* **INPUT DATA**
* * * * *

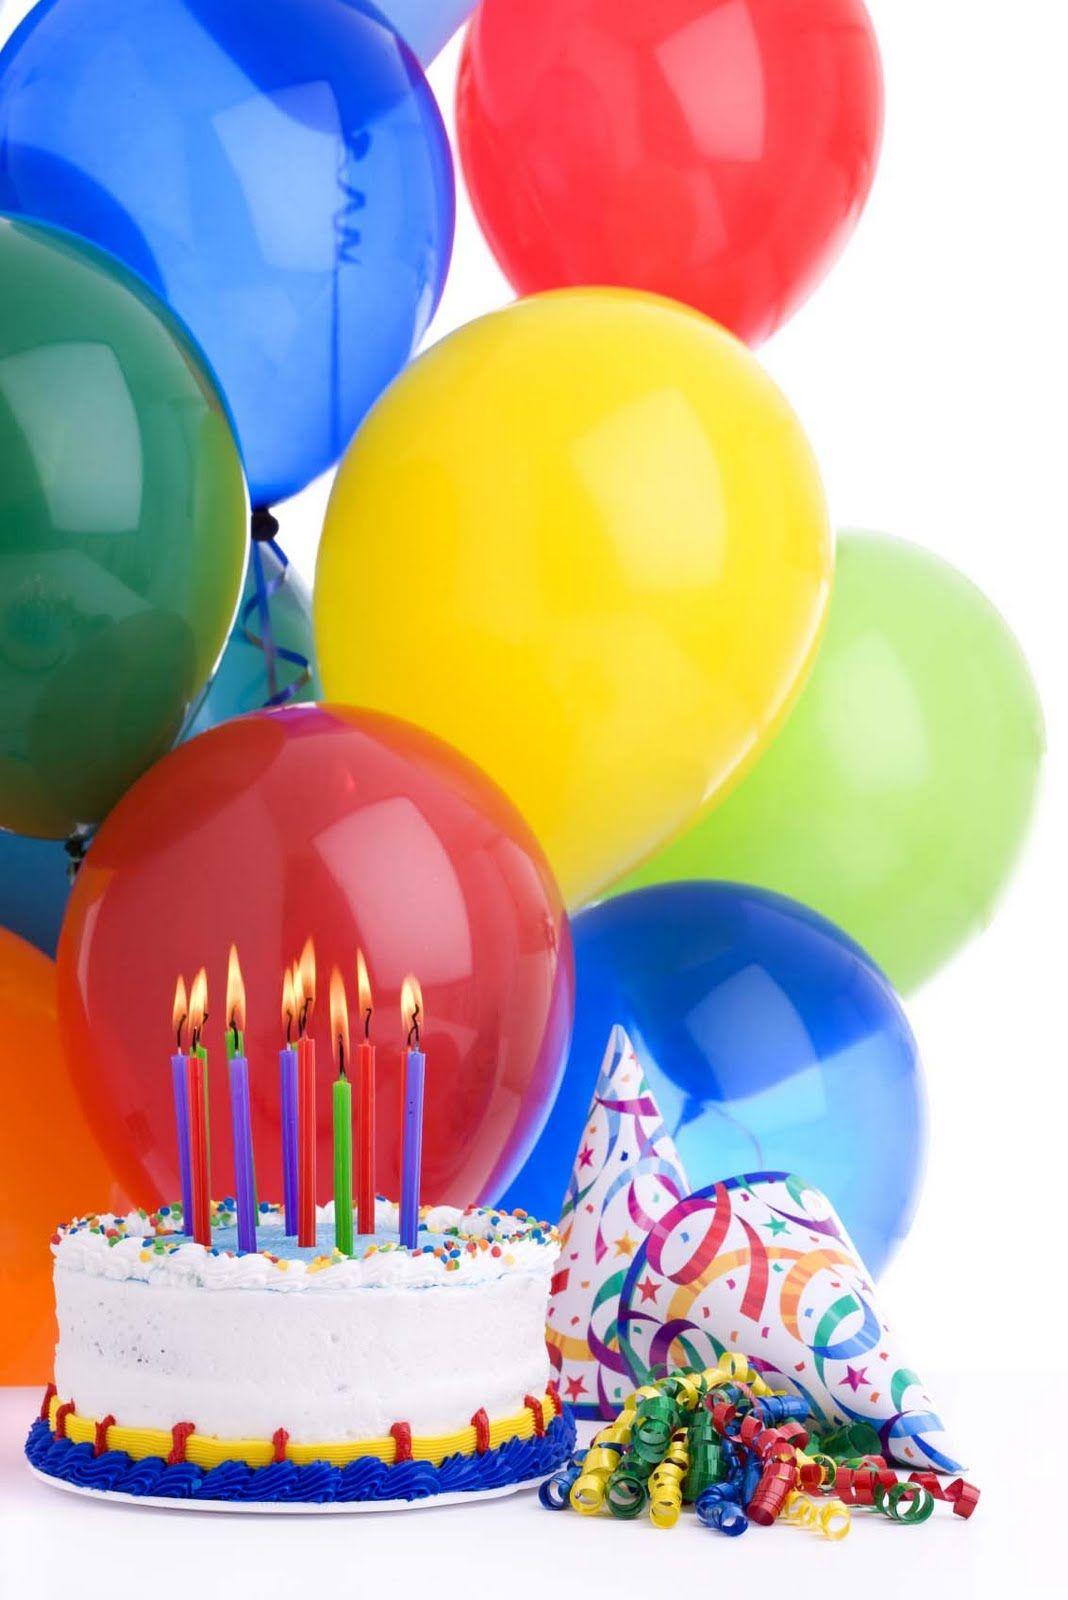 Admirable 30 Elegant Photo Of Birthday Cake And Balloons Birijus Com Funny Birthday Cards Online Elaedamsfinfo
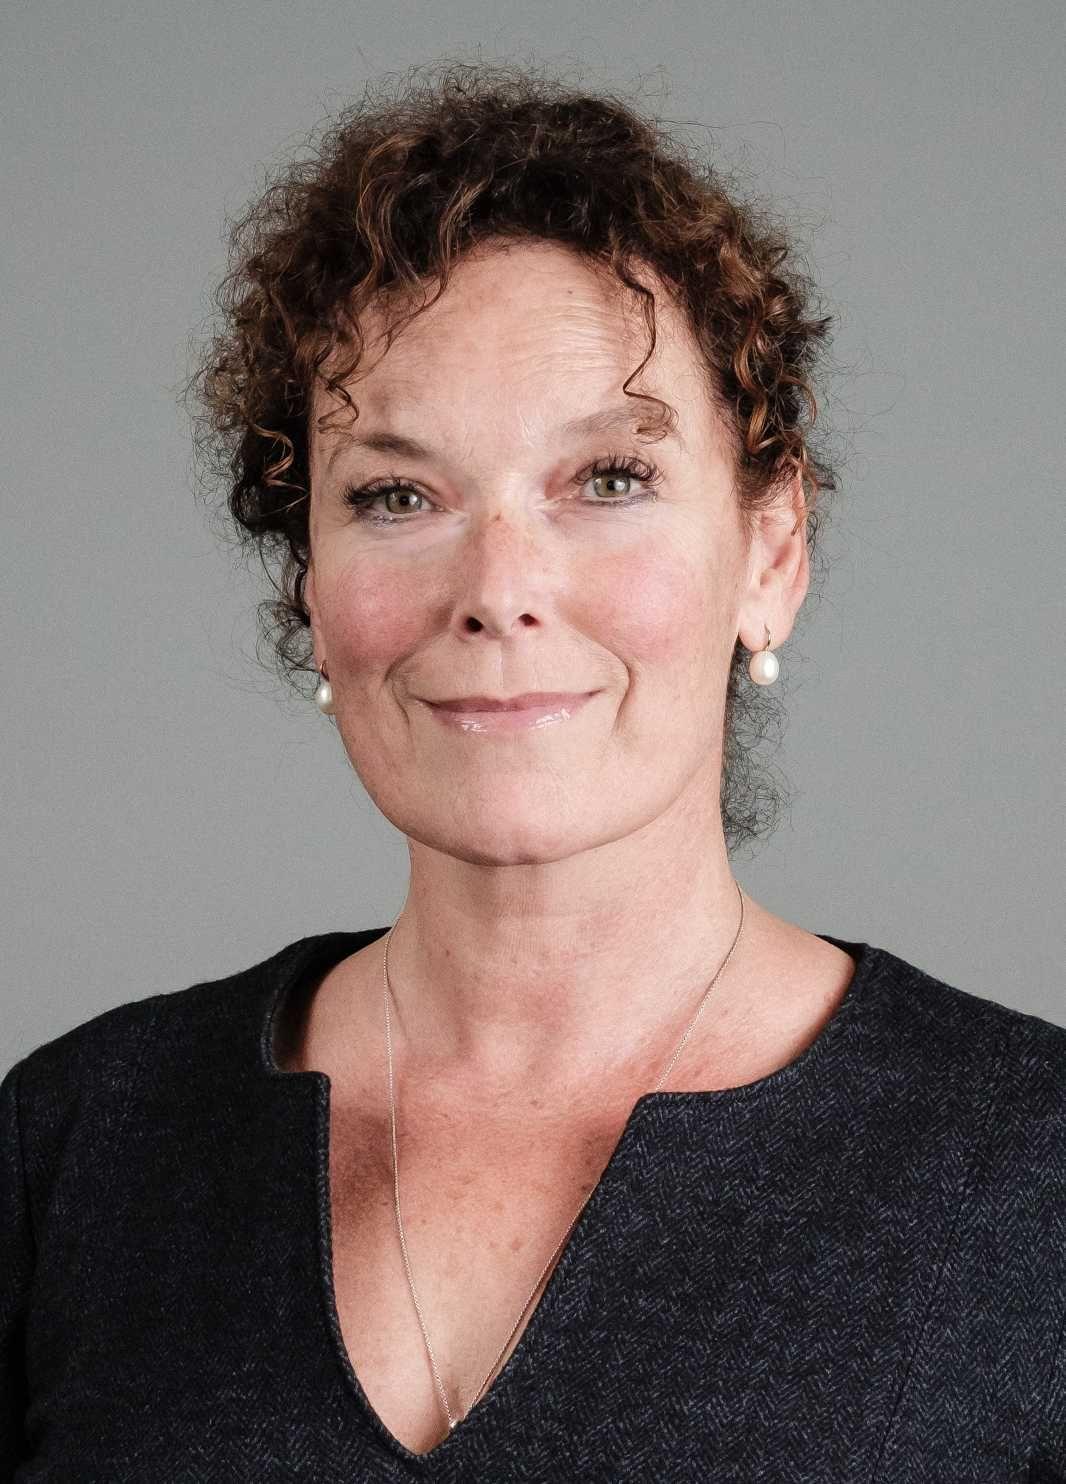 Anja Wenmakers
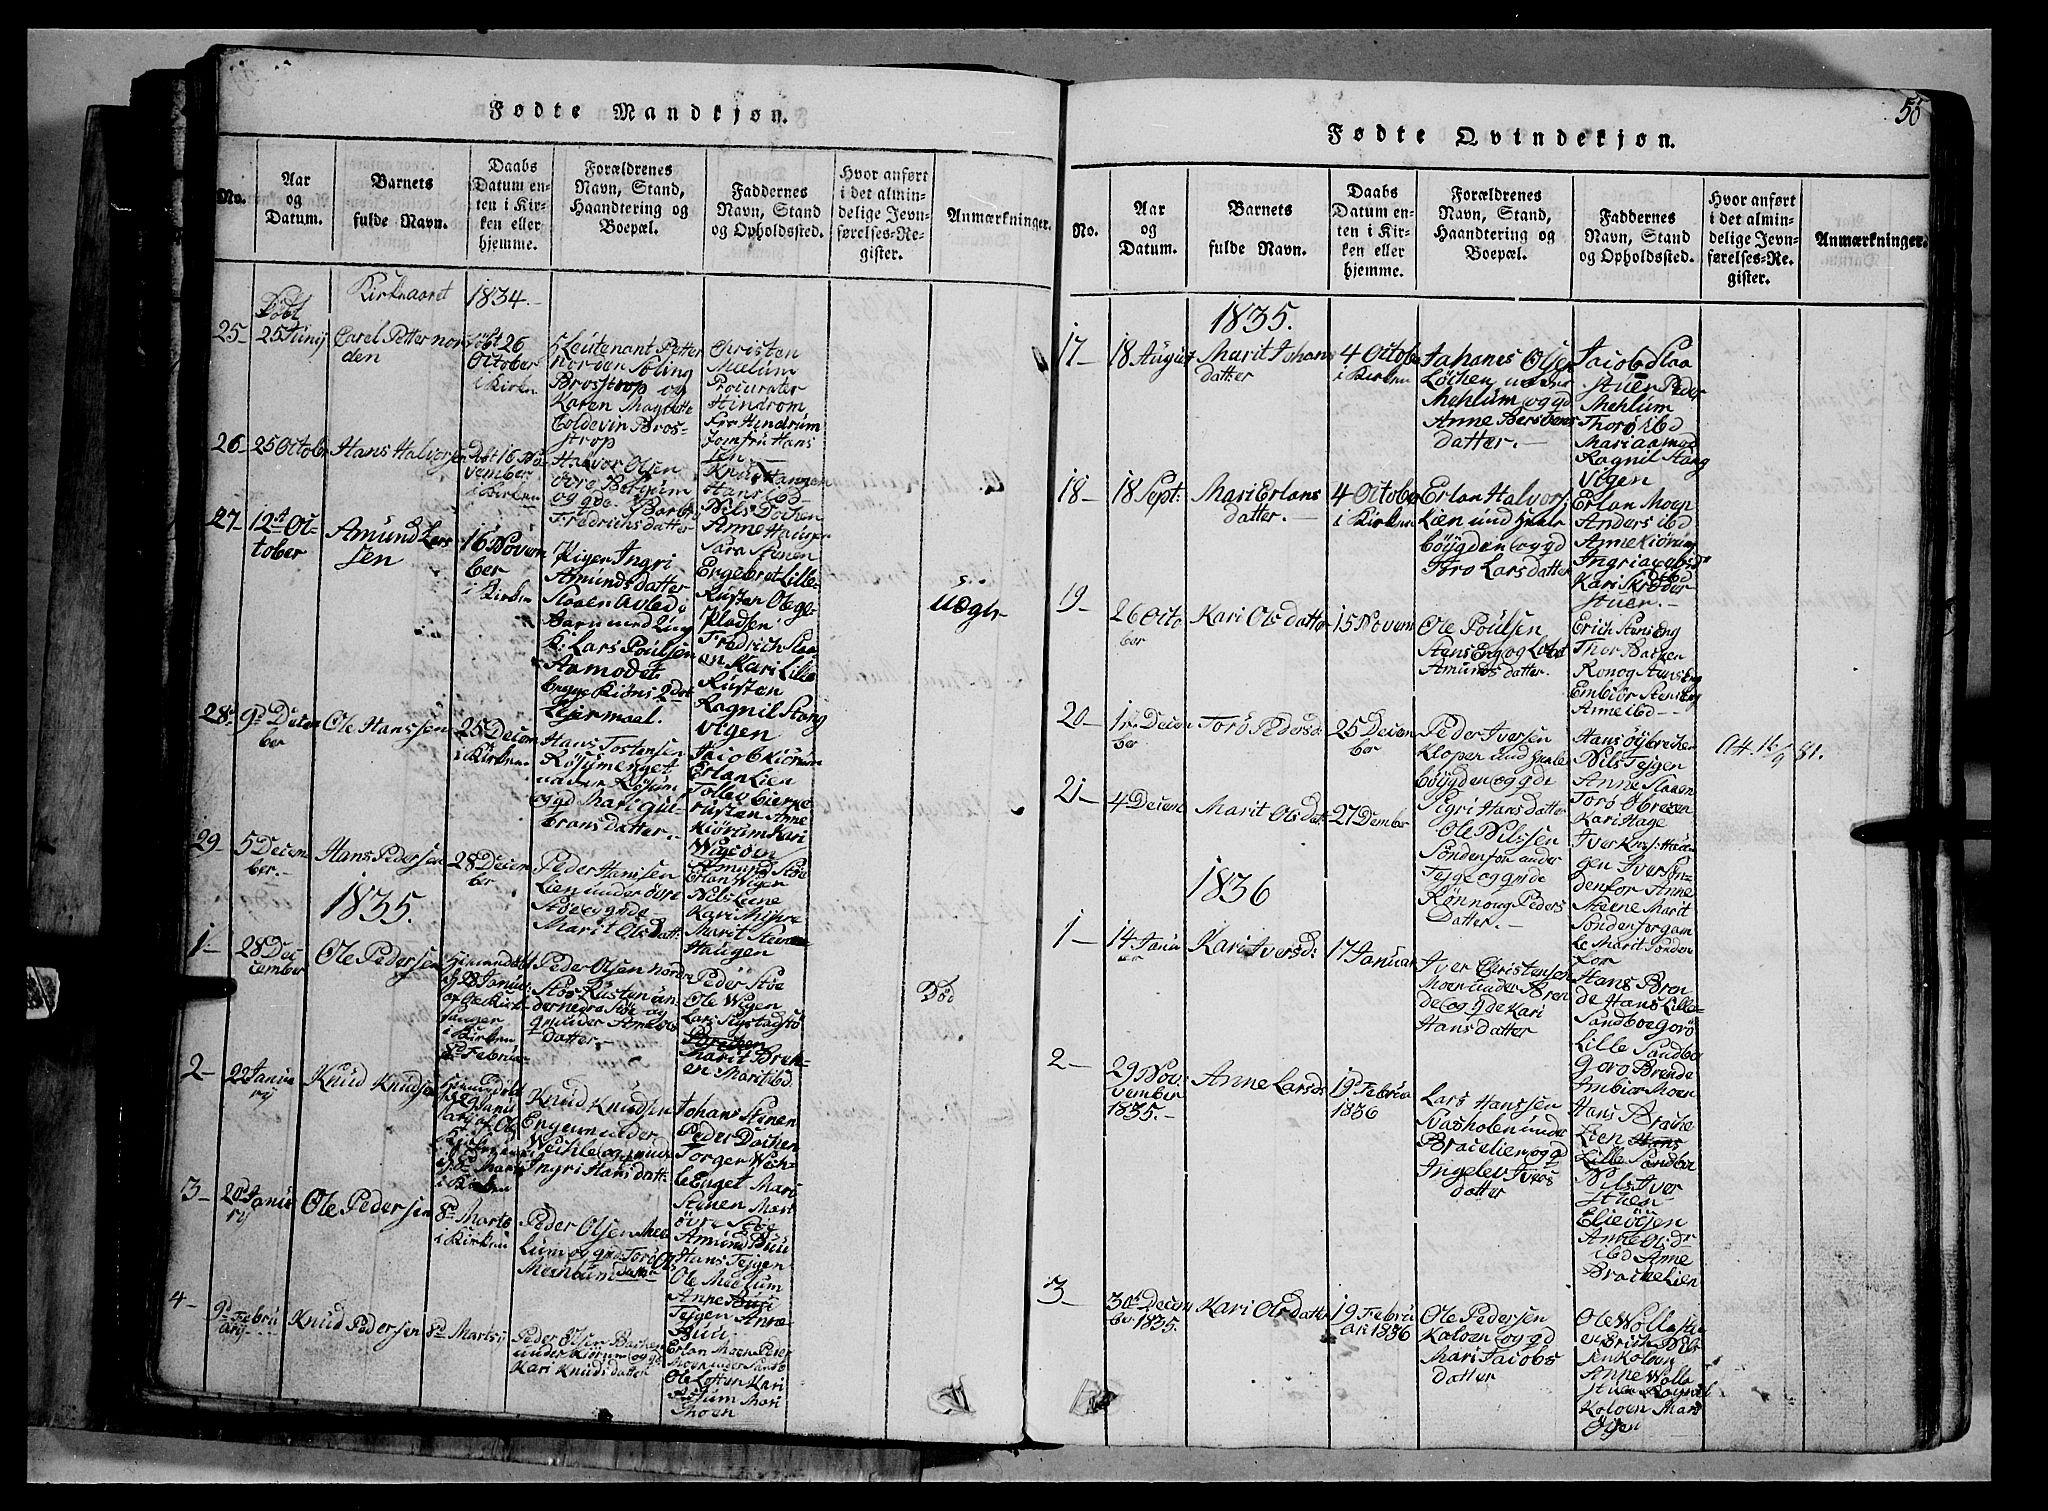 SAH, Fron prestekontor, H/Ha/Hab/L0002: Klokkerbok nr. 2, 1816-1850, s. 50

* * * * *

* **ASSIGNED TASK**
Go back to the line that contains "Anja Wenmakers" and copy it, along with each line after it through the end of the listing above, exactly and without pictures.

* **WRITTEN REPLY**
 Anja Wenmakers
 SAH, Fron prestekontor, H/Ha/Hab/L0002: Klokkerbok nr. 2, 1816-1850, s. 50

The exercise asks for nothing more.